Googles Colab Notebooks is an example of application based cloud computing (for that matter their whole suite of application falls into that category).

## Service Models

* [Software as a service (SaaS)](https://en.wikipedia.org/wiki/Cloud_computing#Software_as_a_service_(SaaS))
    
    **Definition**: The capability provided to the consumer is to use the provider's applications running on a cloud infrastructure. 
    <!-- The applications are accessible from various client devices through either a thin client interface, such as a web browser (e.g., web-based email), or a program interface.
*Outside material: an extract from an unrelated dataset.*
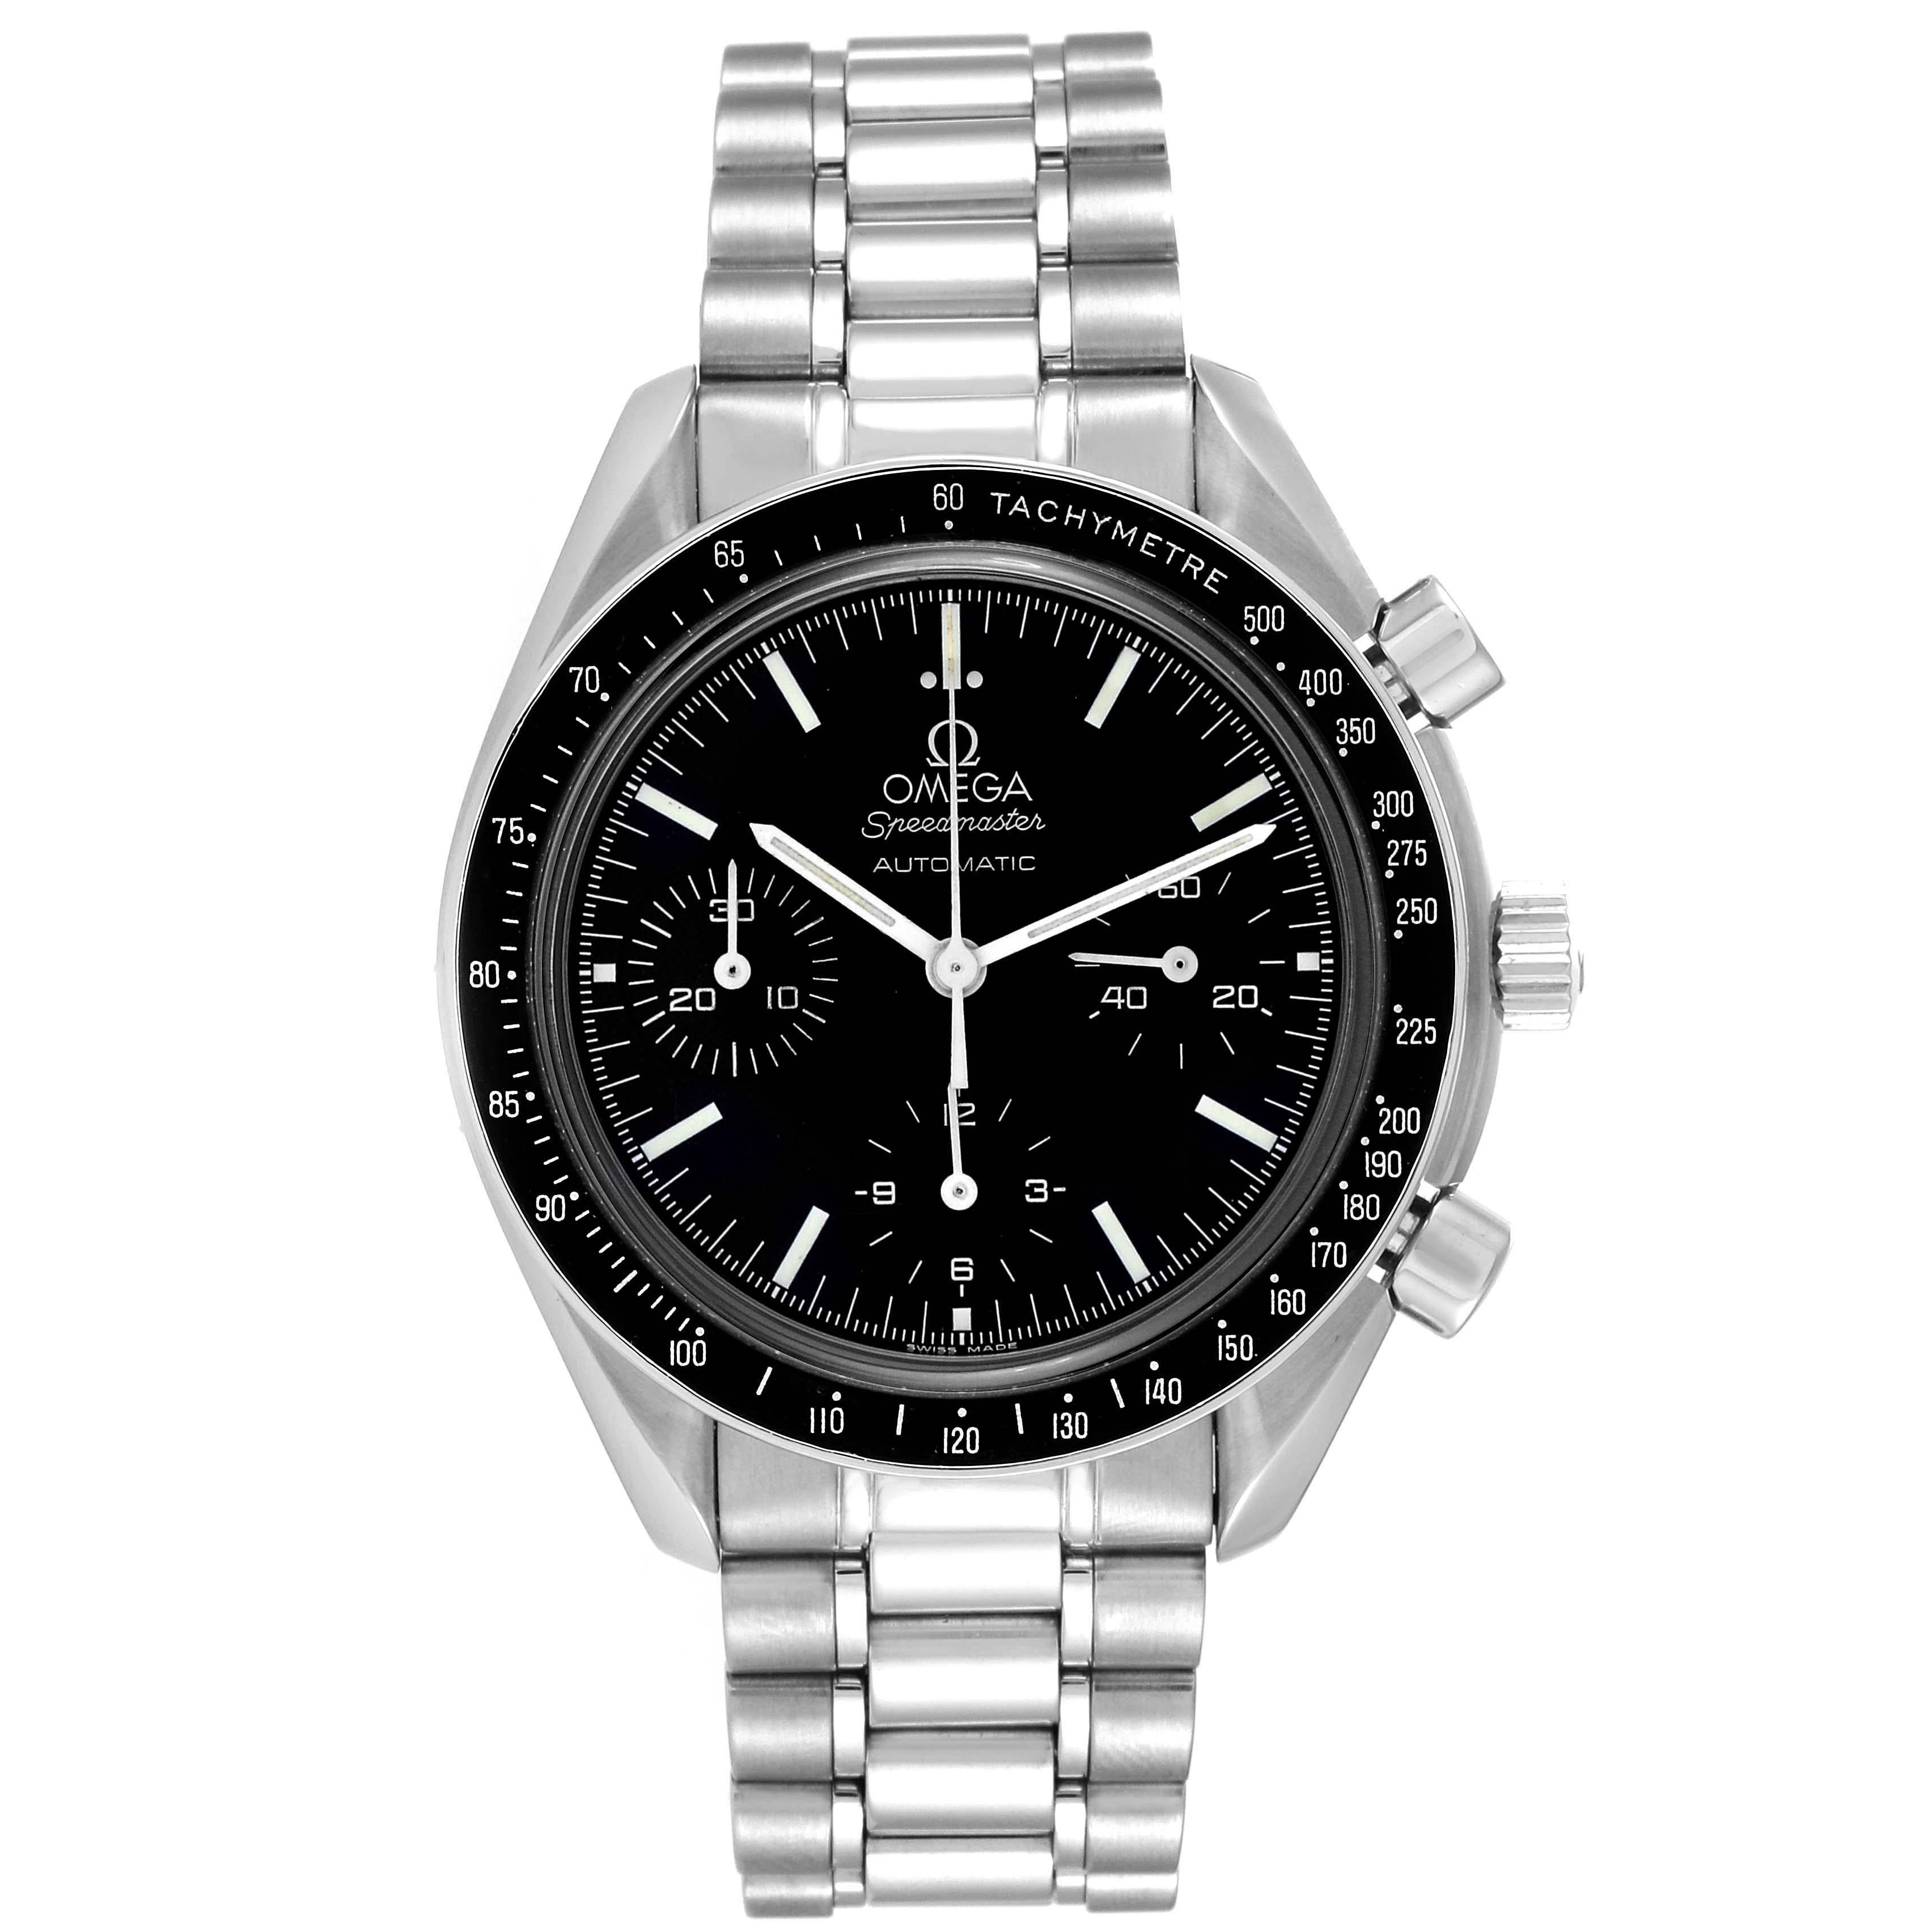 Omega Speedmaster Reduced Chronograph Steel Mens Watch 3539.50.00. Automatic self-winding chronograph movement. Stainless steel round case 39.0 mm in diameter. Black bezel with tachymeter function. Scratch resistant sapphire crystal. Black dial with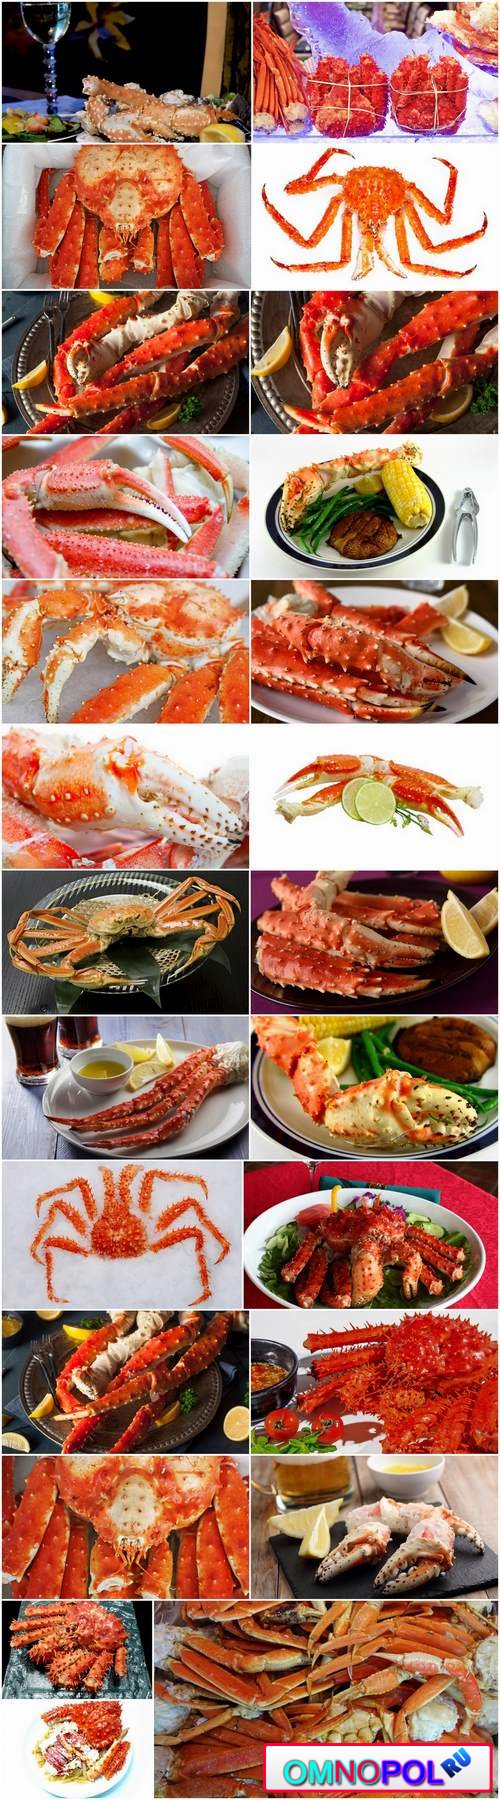 King crab claw seafood delicacy 25 HQ Jpeg

The consumer does not manage or control the underlying cloud infrastructure including network, servers, operating systems, storage, or even individual application capabilities, with the possible exception of limited user-specific application configuration settings. -->
    
    **Examples**: Google Docs and Colab Notebooks
 

   
* [Platform as a service (PaaS)](https://en.wikipedia.org/wiki/Cloud_computing#Platform_as_a_service_(PaaS))

    **Definition**: The capability provided to the consumer is to deploy onto the cloud infrastructure consumer-created or acquired applications created using programming languages, libraries, services, and tools supported by the provider. 
    <!-- The consumer does not manage or control the underlying cloud infrastructure including network, servers, operating systems, or storage, but has control over the deployed applications and possibly configuration settings for the application-hosting environment.-->
    
    **Examples**: AWS Sagemaker and S3
 

   
* [Infrastructure as a service (IaaS)](https://en.wikipedia.org/wiki/Cloud_computing#Infrastructure_as_a_service_(IaaS))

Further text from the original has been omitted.